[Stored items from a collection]
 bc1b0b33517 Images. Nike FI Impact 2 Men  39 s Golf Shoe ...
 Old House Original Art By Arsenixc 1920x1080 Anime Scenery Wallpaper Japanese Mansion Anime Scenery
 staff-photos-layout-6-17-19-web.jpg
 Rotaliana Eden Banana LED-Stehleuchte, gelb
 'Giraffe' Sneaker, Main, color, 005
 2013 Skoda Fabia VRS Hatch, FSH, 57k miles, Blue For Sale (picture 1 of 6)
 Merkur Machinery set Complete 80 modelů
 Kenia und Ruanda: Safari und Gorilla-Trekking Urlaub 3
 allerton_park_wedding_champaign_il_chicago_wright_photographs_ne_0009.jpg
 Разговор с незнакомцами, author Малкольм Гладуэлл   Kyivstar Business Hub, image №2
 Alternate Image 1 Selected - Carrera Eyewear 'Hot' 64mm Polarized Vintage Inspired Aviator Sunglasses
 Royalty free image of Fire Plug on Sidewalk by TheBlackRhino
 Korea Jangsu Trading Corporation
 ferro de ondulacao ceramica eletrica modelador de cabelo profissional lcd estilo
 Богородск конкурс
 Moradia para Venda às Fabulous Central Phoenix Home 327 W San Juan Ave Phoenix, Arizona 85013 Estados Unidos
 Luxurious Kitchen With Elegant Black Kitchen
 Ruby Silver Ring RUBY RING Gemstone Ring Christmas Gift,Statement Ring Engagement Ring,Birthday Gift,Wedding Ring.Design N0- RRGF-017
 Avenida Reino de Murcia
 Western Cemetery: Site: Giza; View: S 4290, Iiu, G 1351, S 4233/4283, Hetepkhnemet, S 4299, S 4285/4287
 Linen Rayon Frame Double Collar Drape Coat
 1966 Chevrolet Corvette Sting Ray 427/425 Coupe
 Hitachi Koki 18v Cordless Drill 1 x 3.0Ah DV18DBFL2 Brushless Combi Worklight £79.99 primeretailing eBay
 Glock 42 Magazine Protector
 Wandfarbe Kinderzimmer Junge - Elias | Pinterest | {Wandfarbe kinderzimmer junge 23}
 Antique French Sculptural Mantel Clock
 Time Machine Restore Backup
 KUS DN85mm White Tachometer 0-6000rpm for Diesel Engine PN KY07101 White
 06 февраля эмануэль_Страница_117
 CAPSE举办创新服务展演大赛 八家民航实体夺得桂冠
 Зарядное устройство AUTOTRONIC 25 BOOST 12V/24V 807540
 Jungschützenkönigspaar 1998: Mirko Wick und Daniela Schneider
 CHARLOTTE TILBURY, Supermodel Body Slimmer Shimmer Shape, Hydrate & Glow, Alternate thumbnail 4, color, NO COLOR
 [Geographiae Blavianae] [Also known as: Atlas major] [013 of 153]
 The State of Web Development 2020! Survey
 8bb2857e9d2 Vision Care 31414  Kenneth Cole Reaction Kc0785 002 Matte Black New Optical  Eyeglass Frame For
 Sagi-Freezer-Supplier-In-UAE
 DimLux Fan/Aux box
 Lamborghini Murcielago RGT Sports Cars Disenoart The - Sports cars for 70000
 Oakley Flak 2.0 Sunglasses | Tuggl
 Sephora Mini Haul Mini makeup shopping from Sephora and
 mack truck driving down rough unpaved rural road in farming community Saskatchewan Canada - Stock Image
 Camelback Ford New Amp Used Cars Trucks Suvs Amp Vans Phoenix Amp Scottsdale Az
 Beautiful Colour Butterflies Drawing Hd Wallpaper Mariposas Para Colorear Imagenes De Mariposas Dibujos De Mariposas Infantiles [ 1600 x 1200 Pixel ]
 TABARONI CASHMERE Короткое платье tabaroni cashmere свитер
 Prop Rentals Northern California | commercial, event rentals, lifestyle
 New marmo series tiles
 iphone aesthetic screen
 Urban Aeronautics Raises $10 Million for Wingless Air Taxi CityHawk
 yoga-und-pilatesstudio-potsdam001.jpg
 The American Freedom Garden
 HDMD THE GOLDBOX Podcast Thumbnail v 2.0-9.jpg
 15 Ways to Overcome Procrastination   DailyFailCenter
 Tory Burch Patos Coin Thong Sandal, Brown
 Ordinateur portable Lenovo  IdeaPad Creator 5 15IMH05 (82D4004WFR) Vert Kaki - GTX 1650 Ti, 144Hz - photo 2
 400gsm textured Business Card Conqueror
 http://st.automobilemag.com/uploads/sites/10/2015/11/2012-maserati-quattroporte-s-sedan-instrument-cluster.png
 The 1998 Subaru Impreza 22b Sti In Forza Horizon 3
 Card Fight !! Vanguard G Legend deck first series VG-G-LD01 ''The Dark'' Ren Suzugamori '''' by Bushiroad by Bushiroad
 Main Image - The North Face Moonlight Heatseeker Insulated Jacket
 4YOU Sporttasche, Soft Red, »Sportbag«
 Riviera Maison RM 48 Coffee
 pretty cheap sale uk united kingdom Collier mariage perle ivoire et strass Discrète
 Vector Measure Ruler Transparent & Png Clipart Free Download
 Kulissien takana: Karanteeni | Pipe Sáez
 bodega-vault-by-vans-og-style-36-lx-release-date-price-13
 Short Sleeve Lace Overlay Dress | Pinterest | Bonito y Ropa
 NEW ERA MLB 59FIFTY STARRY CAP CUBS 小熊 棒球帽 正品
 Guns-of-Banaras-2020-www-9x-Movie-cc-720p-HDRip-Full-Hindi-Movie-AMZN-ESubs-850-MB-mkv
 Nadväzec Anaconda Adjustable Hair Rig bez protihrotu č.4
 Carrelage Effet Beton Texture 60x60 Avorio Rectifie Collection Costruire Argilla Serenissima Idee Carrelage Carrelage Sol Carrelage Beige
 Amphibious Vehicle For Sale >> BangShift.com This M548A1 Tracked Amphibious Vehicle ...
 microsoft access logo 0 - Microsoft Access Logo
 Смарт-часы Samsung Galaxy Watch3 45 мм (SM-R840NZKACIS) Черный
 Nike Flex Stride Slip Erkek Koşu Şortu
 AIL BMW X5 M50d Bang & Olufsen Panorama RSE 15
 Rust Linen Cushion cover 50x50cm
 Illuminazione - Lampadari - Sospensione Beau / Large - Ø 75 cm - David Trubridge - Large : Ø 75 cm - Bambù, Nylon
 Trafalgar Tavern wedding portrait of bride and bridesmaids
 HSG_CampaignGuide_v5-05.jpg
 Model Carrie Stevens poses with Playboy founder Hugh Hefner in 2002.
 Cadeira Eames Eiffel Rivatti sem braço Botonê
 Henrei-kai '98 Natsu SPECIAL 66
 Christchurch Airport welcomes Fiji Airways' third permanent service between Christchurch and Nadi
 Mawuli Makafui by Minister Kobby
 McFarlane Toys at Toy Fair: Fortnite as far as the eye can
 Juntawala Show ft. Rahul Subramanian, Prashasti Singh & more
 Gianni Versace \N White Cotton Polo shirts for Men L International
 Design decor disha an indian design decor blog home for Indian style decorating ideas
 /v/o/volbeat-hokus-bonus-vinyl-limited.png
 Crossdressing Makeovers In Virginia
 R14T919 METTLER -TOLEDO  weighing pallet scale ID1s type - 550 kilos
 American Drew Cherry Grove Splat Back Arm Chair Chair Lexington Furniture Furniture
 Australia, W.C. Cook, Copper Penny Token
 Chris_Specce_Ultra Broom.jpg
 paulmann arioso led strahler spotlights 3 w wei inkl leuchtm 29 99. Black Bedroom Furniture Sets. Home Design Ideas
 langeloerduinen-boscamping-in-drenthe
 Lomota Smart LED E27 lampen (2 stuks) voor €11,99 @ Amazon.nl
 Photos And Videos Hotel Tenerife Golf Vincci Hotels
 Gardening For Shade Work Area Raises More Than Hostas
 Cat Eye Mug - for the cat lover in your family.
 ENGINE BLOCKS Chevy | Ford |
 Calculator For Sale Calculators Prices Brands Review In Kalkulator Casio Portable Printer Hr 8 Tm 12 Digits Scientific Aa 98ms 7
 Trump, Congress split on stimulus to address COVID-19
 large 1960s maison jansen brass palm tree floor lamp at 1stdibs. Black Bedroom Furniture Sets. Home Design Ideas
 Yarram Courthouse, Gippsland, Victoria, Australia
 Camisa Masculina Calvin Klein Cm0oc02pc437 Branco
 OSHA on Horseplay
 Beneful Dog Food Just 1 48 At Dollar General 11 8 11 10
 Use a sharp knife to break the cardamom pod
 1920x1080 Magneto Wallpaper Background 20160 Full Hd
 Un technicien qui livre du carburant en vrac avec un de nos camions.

■ Task objective ■
Please reproduce the lines from the line with "American Drew Cherry" to the line with "Trump, Congress split", both ends included, exactly as they appear above.

■ Answer area ■
 American Drew Cherry Grove Splat Back Arm Chair Chair Lexington Furniture Furniture
 Australia, W.C. Cook, Copper Penny Token
 Chris_Specce_Ultra Broom.jpg
 paulmann arioso led strahler spotlights 3 w wei inkl leuchtm 29 99. Black Bedroom Furniture Sets. Home Design Ideas
 langeloerduinen-boscamping-in-drenthe
 Lomota Smart LED E27 lampen (2 stuks) voor €11,99 @ Amazon.nl
 Photos And Videos Hotel Tenerife Golf Vincci Hotels
 Gardening For Shade Work Area Raises More Than Hostas
 Cat Eye Mug - for the cat lover in your family.
 ENGINE BLOCKS Chevy | Ford |
 Calculator For Sale Calculators Prices Brands Review In Kalkulator Casio Portable Printer Hr 8 Tm 12 Digits Scientific Aa 98ms 7
 Trump, Congress split on stimulus to address COVID-19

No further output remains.